What patient meditations on a move!
So rapt in calm reserve and stern resolve!
She muses, perhaps, on what to improve,
On what precise adjustment to involve!

The artists all around her all reflect:
All contemplate on just what to improve;
With all their careful measures to inspect
Consider what to add or to remove;
Decide, in calm reserve and stern resolve
On what precise adjustments to involve.


Copyright 2008 Anissa Nedzel Gage

Sarita



Like a wild hawk with eyes of flame and fire
And a majestic gaze she conquers all,
And in her graceful pride, all those that fall
In admiration become knight and squire!
How many decades, with a queen's desire,
Has she ruled hearts that, dovelike, quail in thrall,
In trembling praise of beauty stern and tall,
So quick to strike: swift from her lofty spire.
Her beauty, not crimped prettiness, her fierce
Her eagle aegis captivates us all
And we freeze hushed, lest our fine falcon stoop
And we lose sight of her where the winds fall;
Lest her wild eyes, filled with bright thought, pierce
New horizons, and she heavenwards swoop.


copyright Anissa Nedzel Gage 2008

Wednesday, December 17, 2008

Blue Nocturne: to Anna


The model lies before us like a swan,
Like moonlight draped, her soft smooth languorous form,
All argent, and luxuriously warm
Seems something everyone can dream upon.
She swoons like alabaster or chiffon,
And seems, perhaps, not like a sleeping storm,
What with her elegant and lissome form,
But like someone conjured by Oberon.
Her sweet breasts kiss the pillow like a hope
That someone gracious, gentle, some bold prince,
Some knight, some prayer, will let her sleep her fill
And not disturb her like some cloddish dope,
Nor make her, with some boorish gesture, wince:
Our nocturne, lovely as a whippoorwill!

Copyright 2008 Anissa Nedzel Gage

Monday, December 15, 2008

Time

Alas, alas for time, whose gradual years
Steal youth and passion from us and leave tears,
Till finally even tears desert our eyes;
Bright love abandons us: we're proclaimed wise.
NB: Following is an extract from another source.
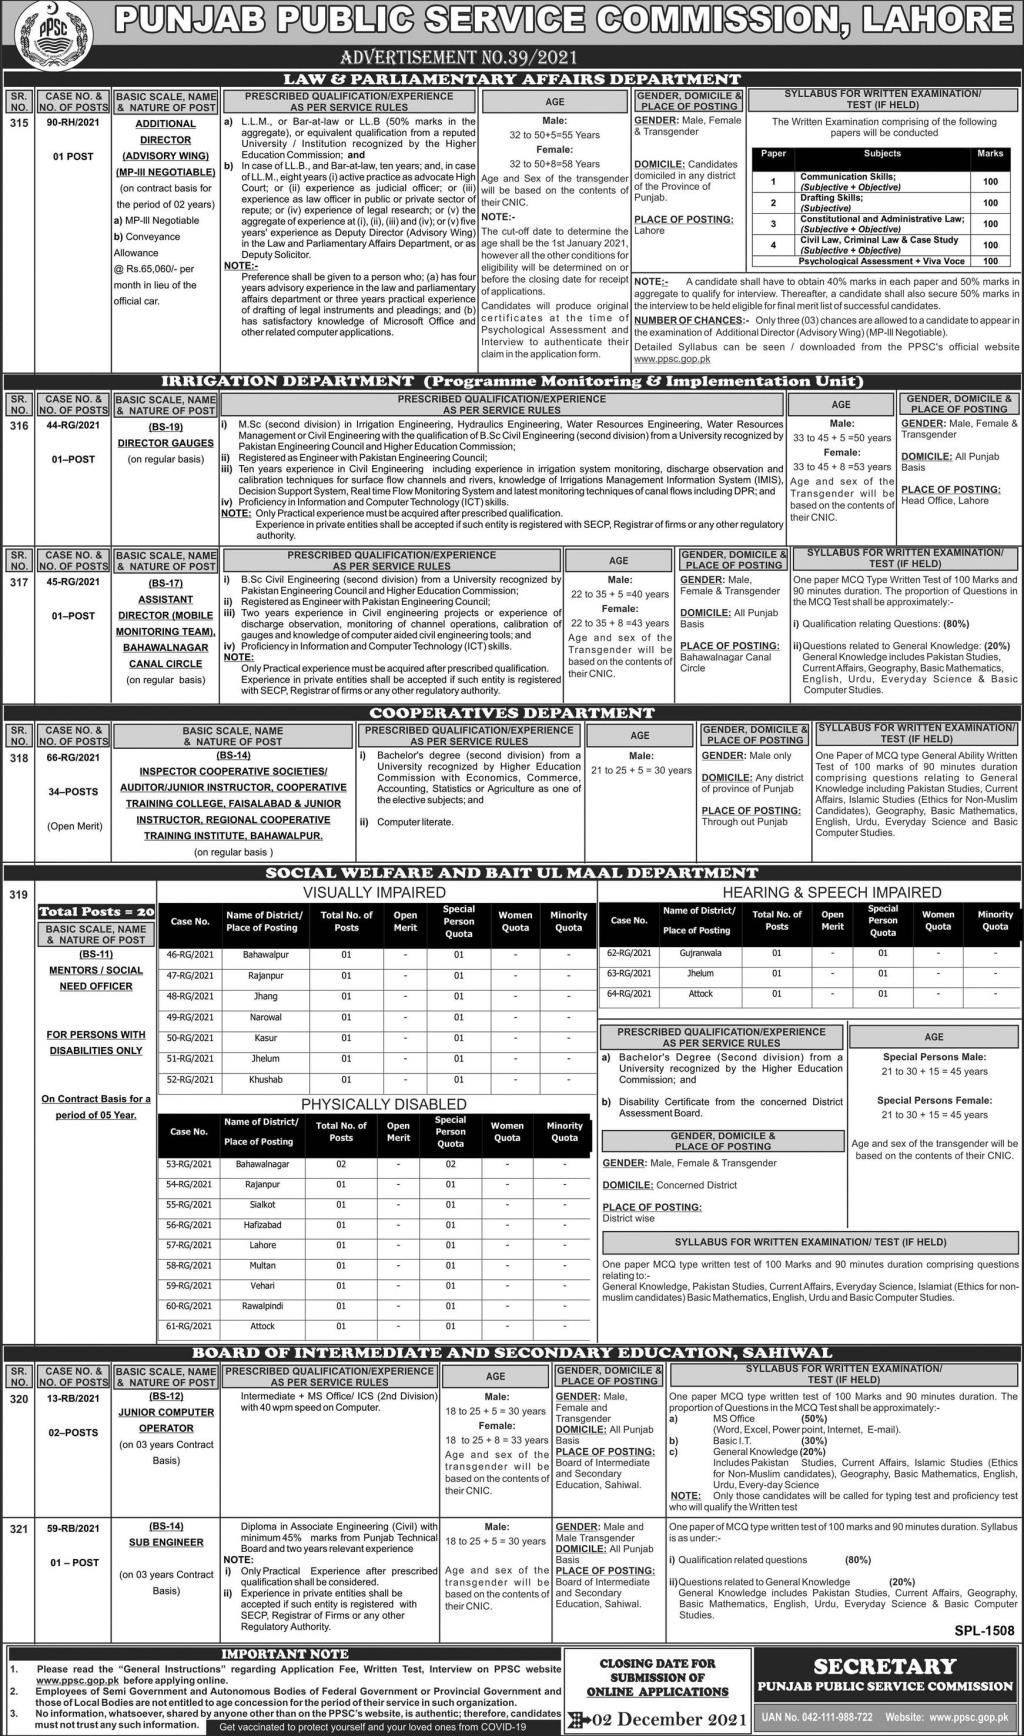 Management jobs in PPSC

Then, unremembered, we, with whitened hair
Step silently upon the marble stair,
Descending all alone into the dark
For none to mourn and few to even mark.

And so we come at last unto the stream
That quenches all desire and every dream:
The vision of all fears: when we must ride
The dismal ship of ruin upon the tide.

Then all our valiant efforts to survive
Avail us not: to death we all arrive:
And some arrive in peace, and some in fear,
And some in pain that wracks each lengthening year.

The lord, the lady, hero, lover, slave --
All, all must glide upon this gloomy wave
To come at last unto the unknown shore
Where all is lost in time's eternal roar.*



I found a translation of one of Ovid's shorter poems and the translation was so
unpoetical that I thought it might be fun to take the existing flotsome and cast it into a more elegant form.

copyright 2008 Anissa Nedzel Gage

A test posting

This is my first posting to this blog. In the future I intend to publish my original poetry here, my hope is that others will read it, enjoy it and share their thoughts.